Да и как не склонить — ведь молодого Шереметева положение было после падения царевны Софьи самое незавидное. Хорошо еще, что Нарышкиным ведомо было о его ссоре с Васькой Голицыным у Перекопа — токмо за то его бывшую службу у фаворита и простили. Но к новому двору Шереметева не допустили и шесть лет держали воеводой в захолустном Белграде. Правда, должность сия была важной. В распоряжении Бориса Петровича состояли все солдатские, рейтарские и драгунские полки Белгородского разряда. Полки не были обучены новому регулярному строю, хотя собирались токмо во время войны и представляли собой поселенное войско.
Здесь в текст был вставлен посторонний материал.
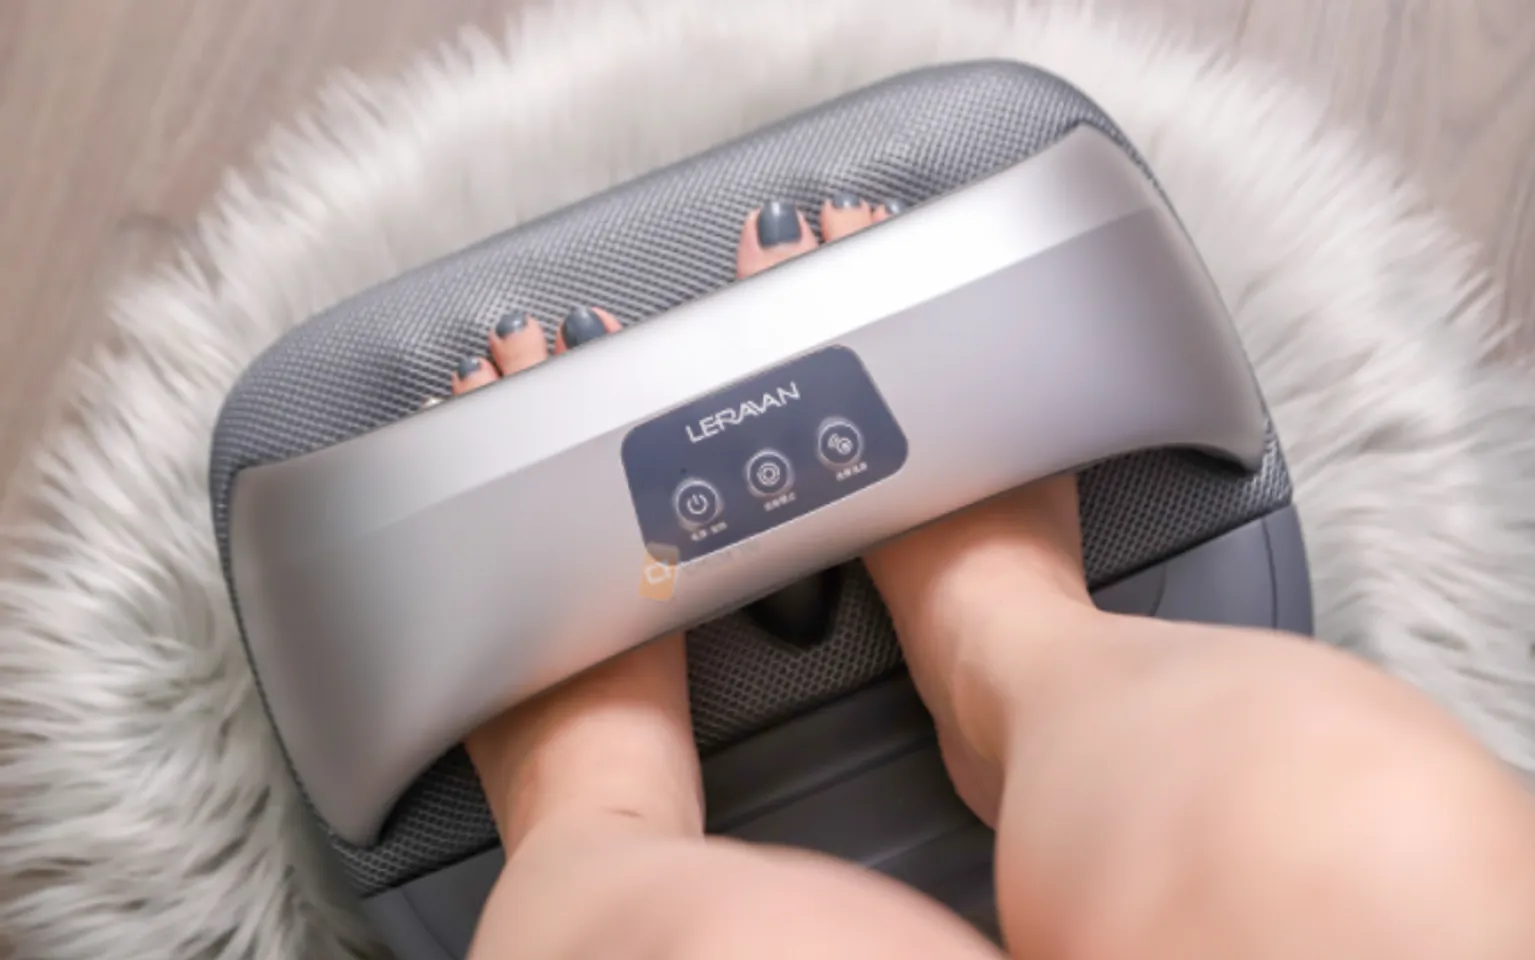 Máy massage chân Xiaomi Leravan LJF003

В мирное время солдаты занимались землепашеством, а среди рейтар и драгун много было и мелкопоместных дворян, владевших небольшими хуторами. За шесть лет, прошедших после последнего Крымского похода, многие солдаты разучились бы ружья и сабли в руках держать, идя за плугом, но Борис Петрович покою воинам не давал и каждую осень после уборки урожая собирал свое воинство на месячные учения, где солдаты снова стояли в регулярном строю.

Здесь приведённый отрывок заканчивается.